The Federal Appeals Court overturned the (FCC) Federal Communications Commission net neutrality rules, a restriction imposed by the FCC that prohibits internet providers from blocking, regulating and prioritizing web-traffic. A panel of three judges claimed that the FCC’s regulative authority over broadband providers and the treatment of internet traffic may have suffused and augmented powers beyond their restrictions.
The FCC’s “open internet” rules or net-neutrality rules were enacted in 2010, designated to ensure a conduit of pipeline equality between internet service providers and consumers; an equilibrium Verizon Communications dismantled with a preceding lawsuit, claiming that the FCC lacked the authority to impose such restrictions. Verizon eventually won the Appeal Court challenge, overthrowing the FCC’s net neutrality enactment.

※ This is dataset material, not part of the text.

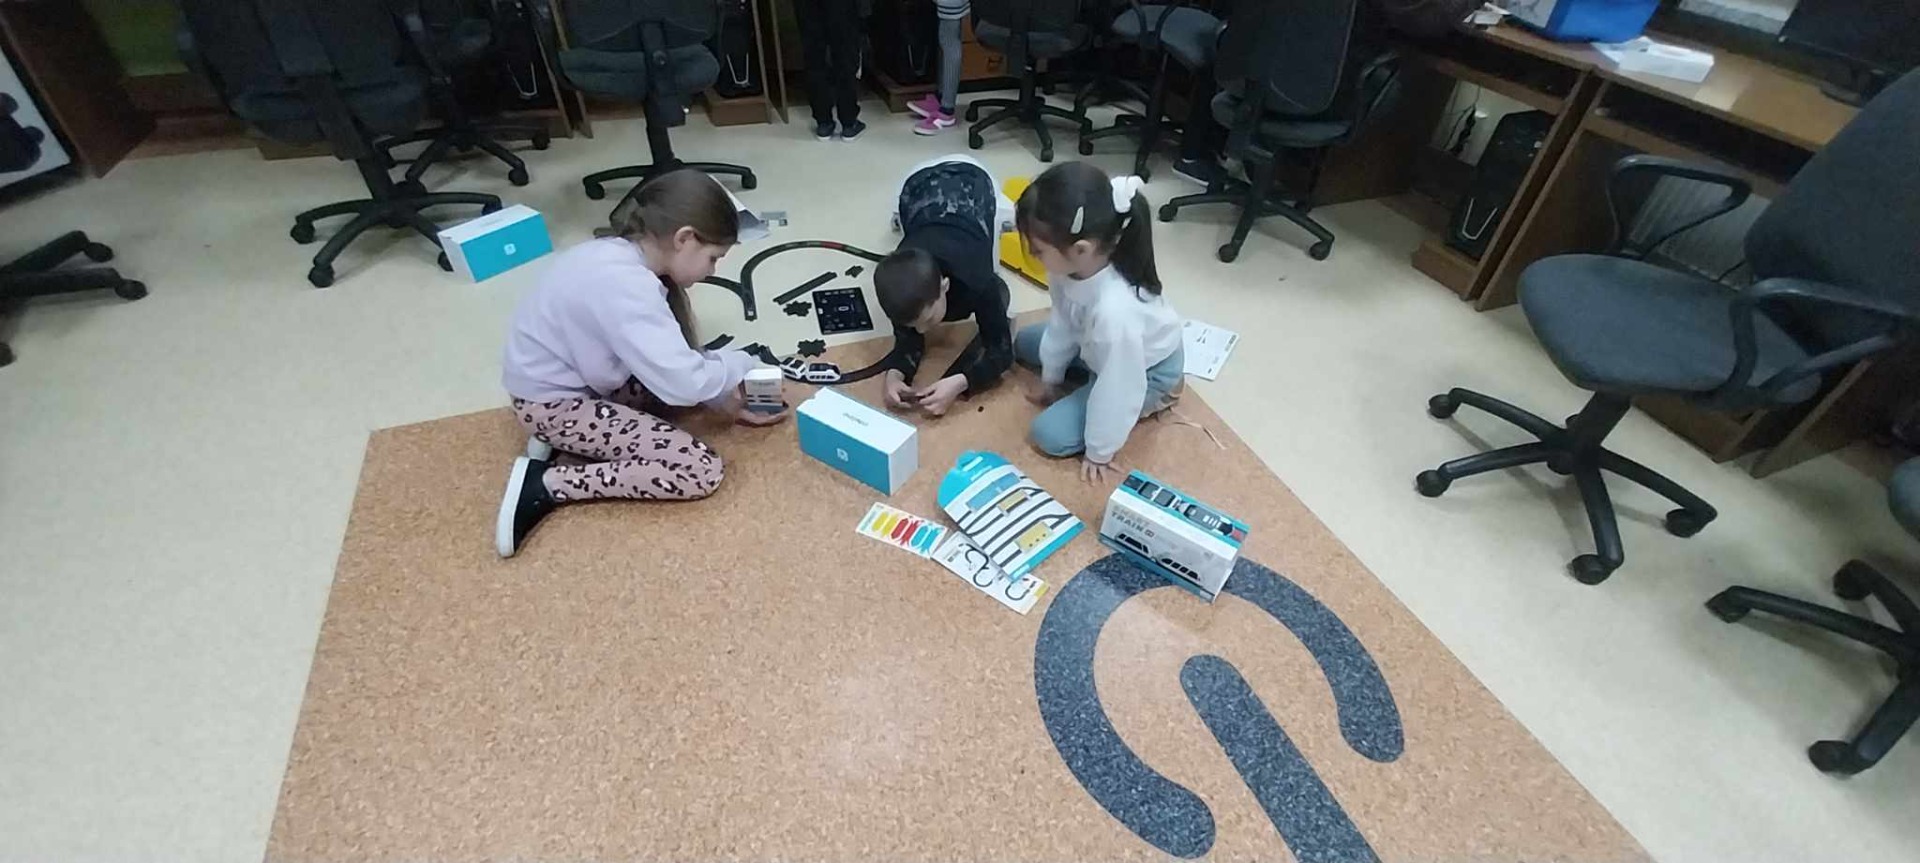 Uczniowie wykorzystują klocki edukacyjne na zajęciach informatycznych
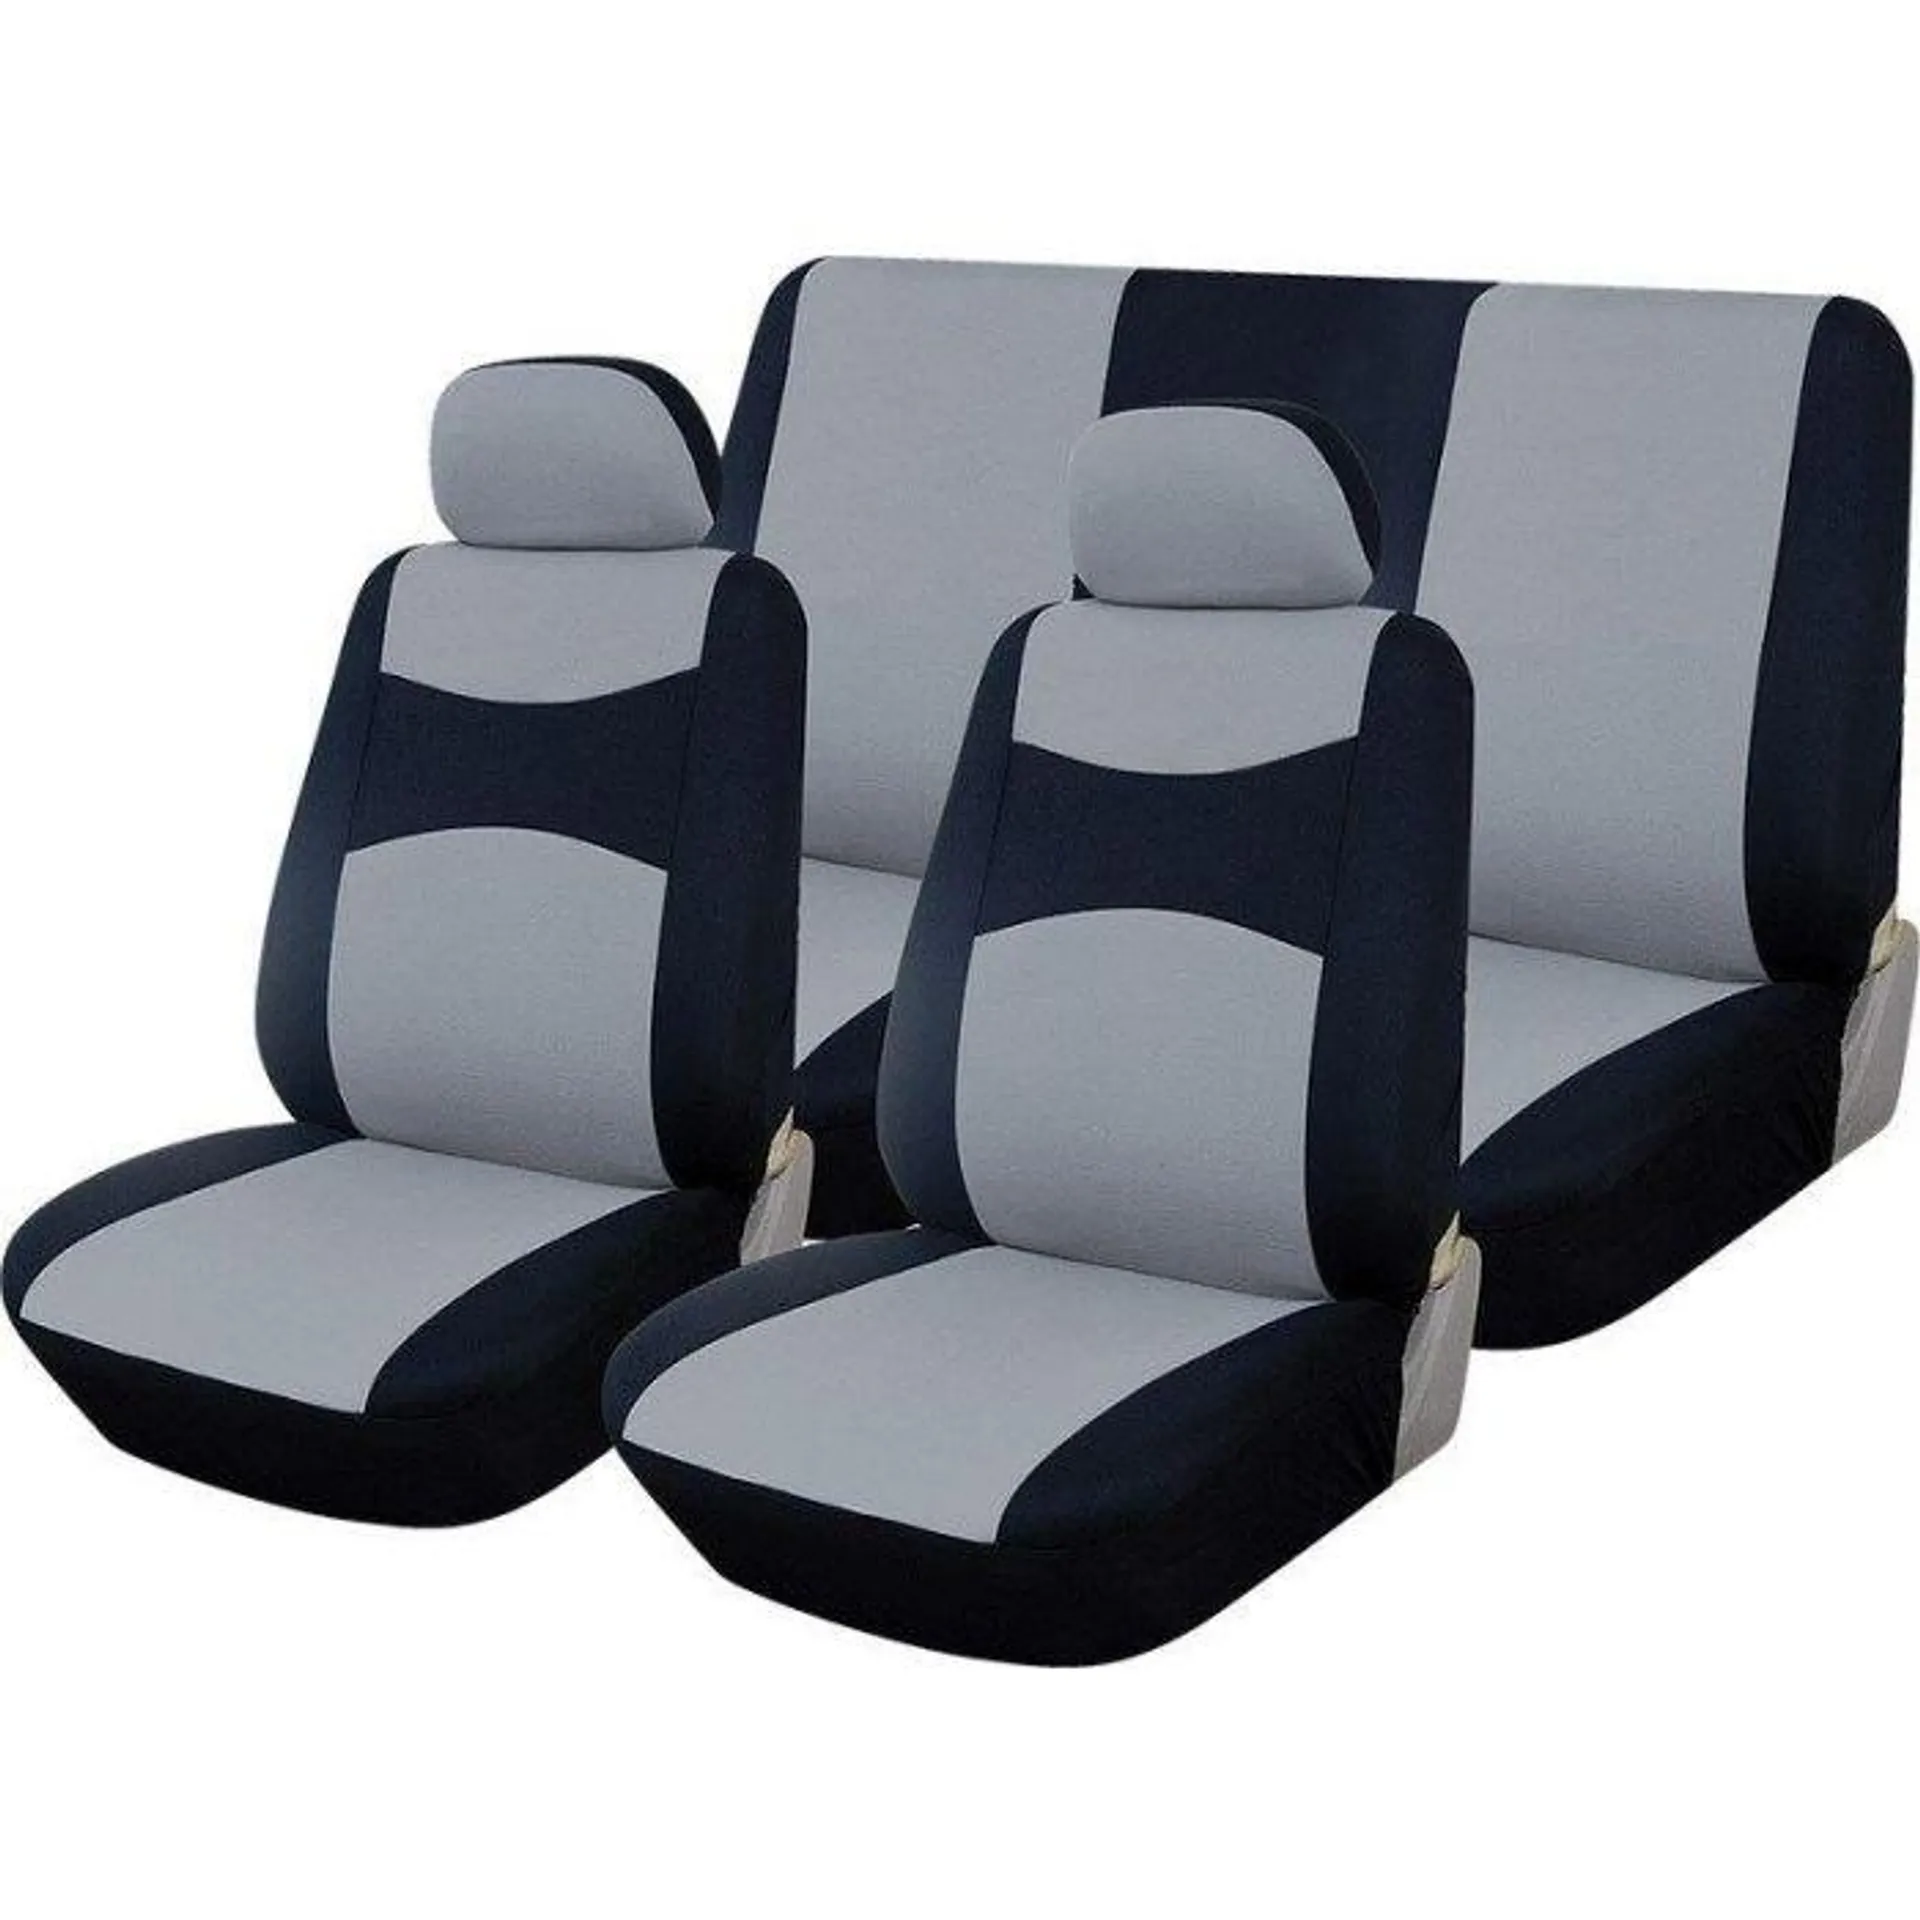 Autogear 6 Piece Promo Seat Cover Set Black / Silver

A year long battle by advocates, libertarians, politicians and internet-watchdogs, pursuing the perseverance of an equal content access medium, has been obliterated by a Federal Appeal Court ruling. This ruling will spiral a parallel trend synonymous to cable and other subscription based services, a contention many will grapple with. To ensure a free and open platform, the FCC Chairman Tom Wheeler, said the commission will explore a myriad of options, one includes a case of appeal.
Randal Milch, Verizon’s General Counsel assured broadband users that the overturn would not alter consumers’ online experience, it would only allow innovation, growth, and consumers will have the choice of determining how they access and experience the internet highway. Really? Really? That’s such a fallacious logic; because what the Verizon General Counsel is perpetrating is the egregious diminution of civil liberties. How could one advocate an idea they ruled against?
Giants like Verizon and Comcast will offer premiums for privileged services, and websites like Netflix that provide a ginormous stream of entertainment services will suffer the unbearable consequences under the hands of broadband providers.
Amazon and EBay could face higher premiums for faster services. So essentially, the internet remains the same, but inevitably, the paragon of innovative growth will spiral exponentially into different platforms, a model-shift only accessible to users paying higher premiums to enjoy.
Net neutrality is a platform that allows equal internet accessibility, an anti-prioritized medium, a free conduit immune to biases, and regulating and prioritizing the speed-limit preference is not a consumer choice. The real choices were preceded by the Federal Court’s mandatory overturn of net neutrality, so don’t dupe-pseudo appease the masses with mediocre shenanigans, it’s cheap rhetoric. A once equilibrium is now fluctuated with competing interests, equality has catapulted into oblivion and the consumer becomes the butterfly-effect of innocence.